• _What you should do_
Everything in the listing below from the line containing "Garden shed/wooden shed/Garden" through the line containing "MEN Evolution - Hair & Body Beard Wash" must be repeated exactly; the remaining lines are not wanted.

• _Dataset records_
»»
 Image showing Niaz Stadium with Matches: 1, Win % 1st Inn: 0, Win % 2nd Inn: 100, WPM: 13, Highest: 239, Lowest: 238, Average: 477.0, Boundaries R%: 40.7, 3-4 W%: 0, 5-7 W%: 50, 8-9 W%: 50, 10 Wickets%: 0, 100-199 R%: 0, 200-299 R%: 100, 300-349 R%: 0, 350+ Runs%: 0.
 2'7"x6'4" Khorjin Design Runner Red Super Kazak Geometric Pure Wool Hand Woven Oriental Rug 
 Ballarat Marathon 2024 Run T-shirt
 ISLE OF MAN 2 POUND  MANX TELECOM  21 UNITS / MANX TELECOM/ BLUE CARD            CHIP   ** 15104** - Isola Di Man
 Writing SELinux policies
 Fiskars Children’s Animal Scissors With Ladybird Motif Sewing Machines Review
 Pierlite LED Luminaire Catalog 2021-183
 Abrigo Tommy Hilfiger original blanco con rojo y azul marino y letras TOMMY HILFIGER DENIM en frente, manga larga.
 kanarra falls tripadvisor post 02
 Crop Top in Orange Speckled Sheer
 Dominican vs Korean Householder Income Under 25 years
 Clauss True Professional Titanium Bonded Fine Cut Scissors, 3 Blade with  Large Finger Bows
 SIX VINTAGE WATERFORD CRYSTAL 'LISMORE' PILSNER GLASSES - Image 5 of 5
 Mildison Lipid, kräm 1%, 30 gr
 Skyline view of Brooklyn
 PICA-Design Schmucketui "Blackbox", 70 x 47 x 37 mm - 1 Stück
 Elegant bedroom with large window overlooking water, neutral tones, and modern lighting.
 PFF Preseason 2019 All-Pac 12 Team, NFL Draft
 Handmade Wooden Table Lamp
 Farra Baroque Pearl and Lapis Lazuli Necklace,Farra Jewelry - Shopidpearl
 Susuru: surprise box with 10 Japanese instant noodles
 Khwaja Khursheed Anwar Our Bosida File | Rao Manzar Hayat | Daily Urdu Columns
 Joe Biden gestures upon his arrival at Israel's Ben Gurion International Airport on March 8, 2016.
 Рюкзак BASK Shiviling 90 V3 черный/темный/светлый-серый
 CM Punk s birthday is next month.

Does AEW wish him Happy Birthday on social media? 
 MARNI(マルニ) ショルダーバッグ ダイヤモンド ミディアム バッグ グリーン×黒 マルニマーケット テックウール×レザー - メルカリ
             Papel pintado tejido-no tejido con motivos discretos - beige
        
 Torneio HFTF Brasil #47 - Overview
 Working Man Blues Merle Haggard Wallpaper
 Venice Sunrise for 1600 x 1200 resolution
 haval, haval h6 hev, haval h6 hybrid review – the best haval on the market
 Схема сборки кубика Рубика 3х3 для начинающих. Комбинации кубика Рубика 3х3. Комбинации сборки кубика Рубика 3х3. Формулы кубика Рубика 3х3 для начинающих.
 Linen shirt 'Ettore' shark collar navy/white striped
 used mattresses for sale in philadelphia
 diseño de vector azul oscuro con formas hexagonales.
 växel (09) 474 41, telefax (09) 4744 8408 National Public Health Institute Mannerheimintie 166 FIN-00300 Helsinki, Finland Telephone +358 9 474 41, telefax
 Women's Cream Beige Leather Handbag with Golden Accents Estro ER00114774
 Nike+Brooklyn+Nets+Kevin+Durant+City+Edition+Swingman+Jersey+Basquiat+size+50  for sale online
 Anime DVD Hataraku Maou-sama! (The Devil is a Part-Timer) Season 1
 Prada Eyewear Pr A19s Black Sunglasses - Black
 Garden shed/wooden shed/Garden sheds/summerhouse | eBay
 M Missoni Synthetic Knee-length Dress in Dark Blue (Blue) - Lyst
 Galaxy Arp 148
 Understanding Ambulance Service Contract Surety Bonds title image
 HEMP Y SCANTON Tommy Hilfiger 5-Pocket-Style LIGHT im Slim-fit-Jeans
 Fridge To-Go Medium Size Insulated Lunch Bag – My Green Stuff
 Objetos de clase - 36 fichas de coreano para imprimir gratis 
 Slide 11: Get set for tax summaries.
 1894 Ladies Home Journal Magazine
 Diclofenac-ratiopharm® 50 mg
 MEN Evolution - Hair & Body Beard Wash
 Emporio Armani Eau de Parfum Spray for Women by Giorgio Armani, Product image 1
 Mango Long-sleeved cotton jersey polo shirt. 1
««
• _Solved problem_
 Garden shed/wooden shed/Garden sheds/summerhouse | eBay
 M Missoni Synthetic Knee-length Dress in Dark Blue (Blue) - Lyst
 Galaxy Arp 148
 Understanding Ambulance Service Contract Surety Bonds title image
 HEMP Y SCANTON Tommy Hilfiger 5-Pocket-Style LIGHT im Slim-fit-Jeans
 Fridge To-Go Medium Size Insulated Lunch Bag – My Green Stuff
 Objetos de clase - 36 fichas de coreano para imprimir gratis 
 Slide 11: Get set for tax summaries.
 1894 Ladies Home Journal Magazine
 Diclofenac-ratiopharm® 50 mg
 MEN Evolution - Hair & Body Beard Wash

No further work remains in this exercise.